Миме делает последнюю попытку напугать Зигфрида, рассуждая об ужасных челюстях дракона, ядовитом дыхании, едкой слюне и смертоносном жалящем хвосте. Зигфрида не интересует хвост: он хочет знать, есть ли у дракона сердце, будучи уверенным в своей способности вонзить в него Нотунг, если оно существует. Успокоенный по этому пункту, он прогоняет Миме и растягивается под деревьями, слушая утренний щебет птиц.
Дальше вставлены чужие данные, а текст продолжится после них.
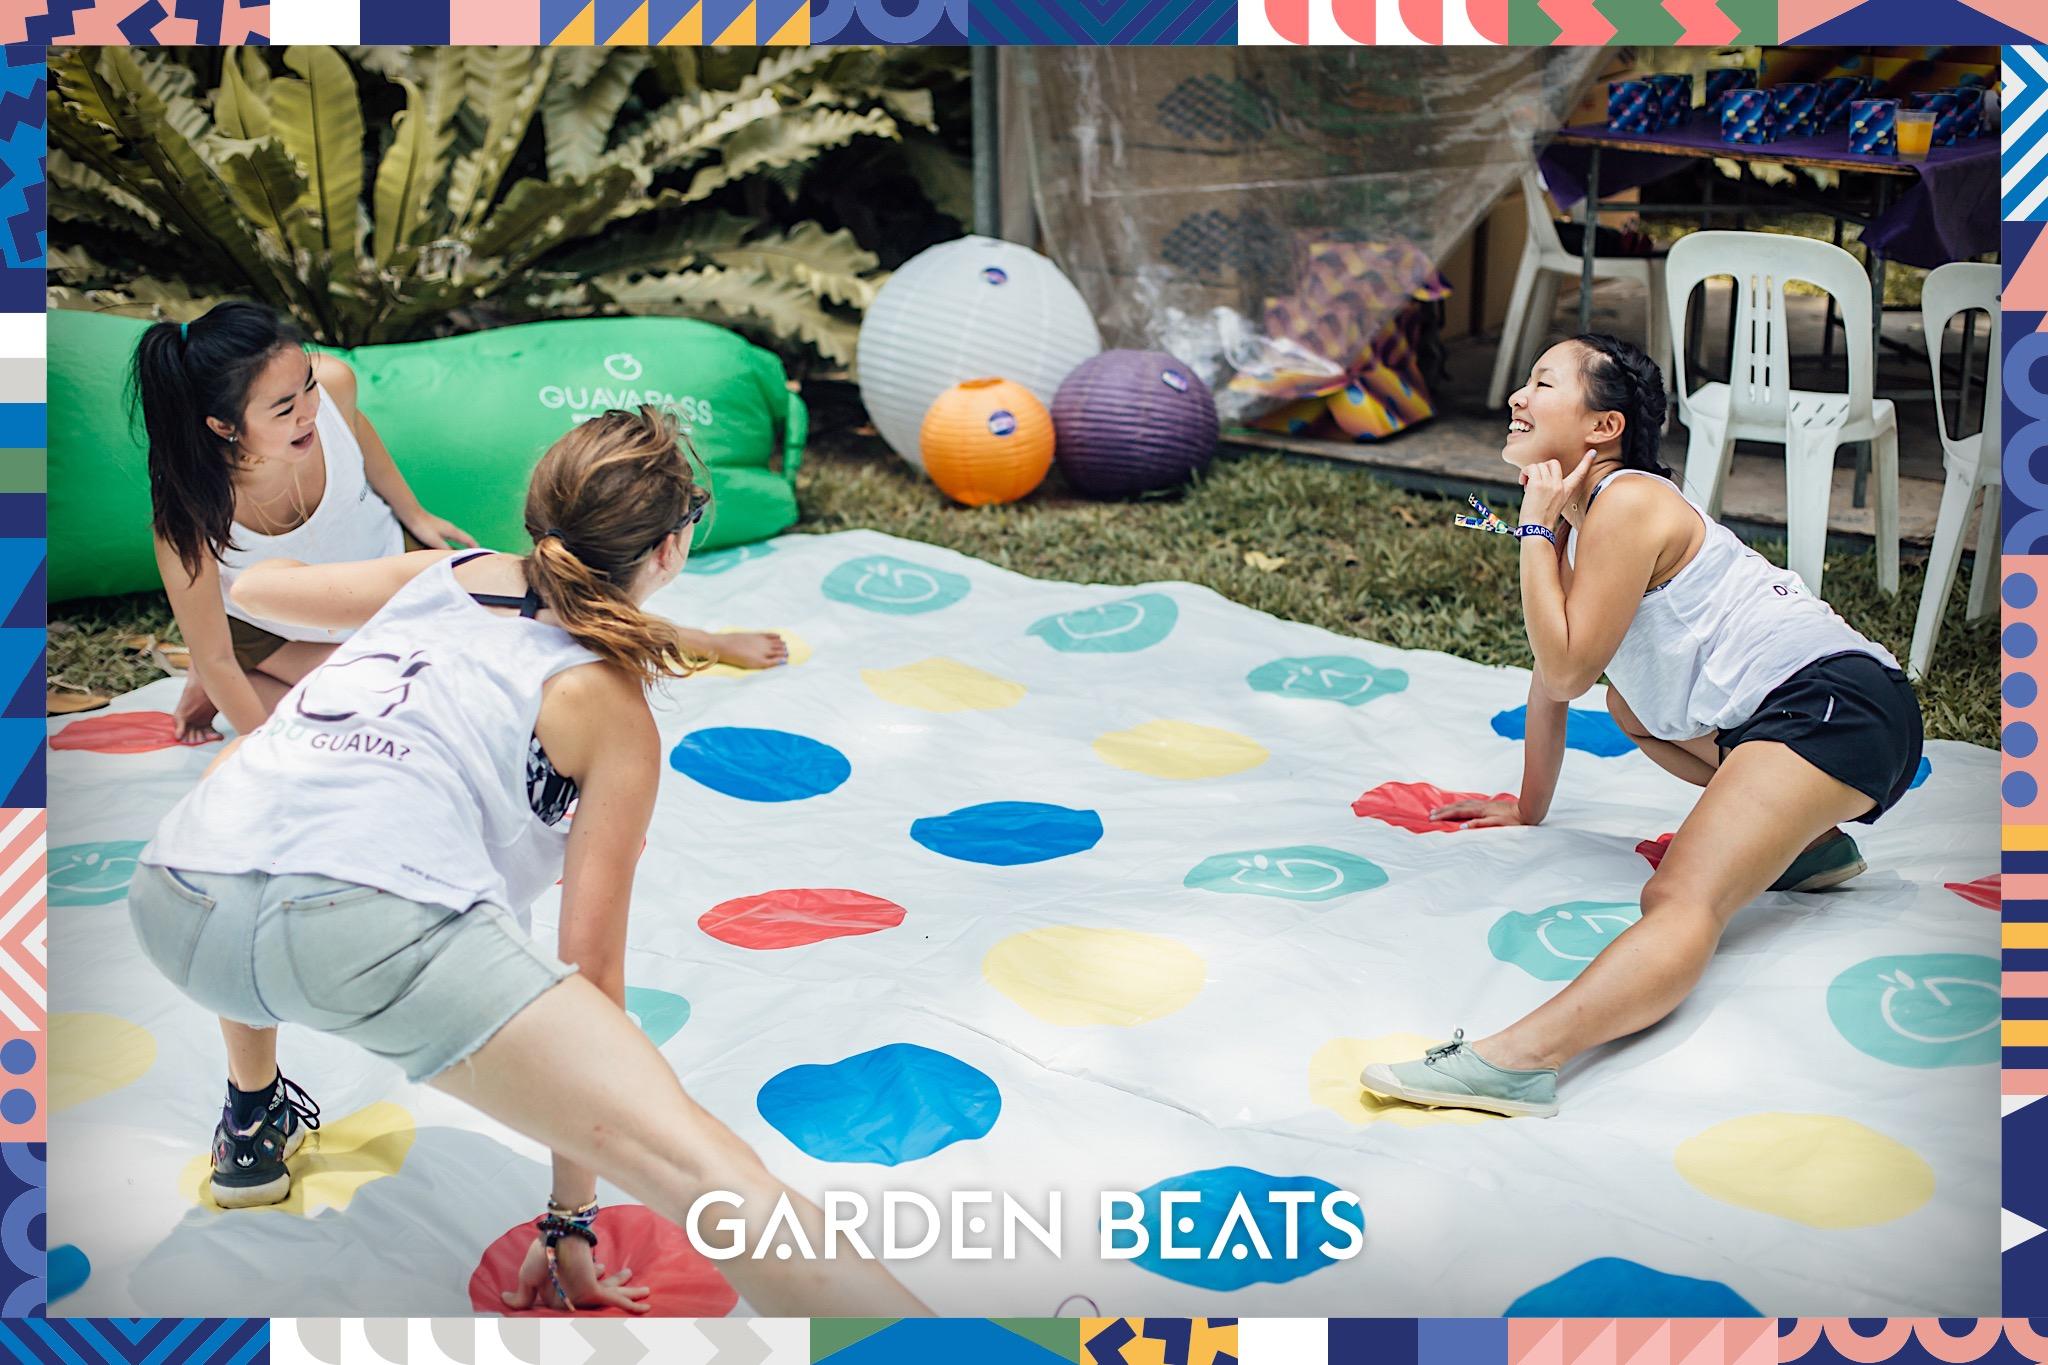 18032017_GardenBeats_Colossal162_WatermarkedGB.jpg

Одна из них многое хочет ему сказать; но он не может понять ее; и после тщетных попыток продолжить разговор с помощью тростника, который он срезает, он начинает развлекать птицу мелодиями на своем роге, прося ее послать ему любящую подругу, какая есть у всех других лесных существ. Его мелодии будят дракона; и Зигфрид веселится по поводу мрачной подруги, которую прислала ему птица. Фафнир глубоко возмущен непочтительностью юного Бакунина. Он выходит из себя; сражается; и тут же оказывается убит, к своему собственному великому изумлению.

В таких конфликтах учишься немного толковать послания Природы. Когда Зигфрид, ужаленный едкой кровью дракона, сует палец в рот и пробует ее на вкус, он понимает, что говорит ему птица, и, наставленный ею относительно доступных ему сокровищ, идет в пещеру, чтобы забрать золото, кольцо и шлем-невидимку. Затем возвращается Миме, и с ним сталкивается Альберих. Они яростно ссорятся из-за дележа добычи, которую еще не получили, пока Зигфрид не выходит из пещеры с кольцом и шлемом, не особо впечатленный грудой золота и разочарованный тем, что так и не научился страху.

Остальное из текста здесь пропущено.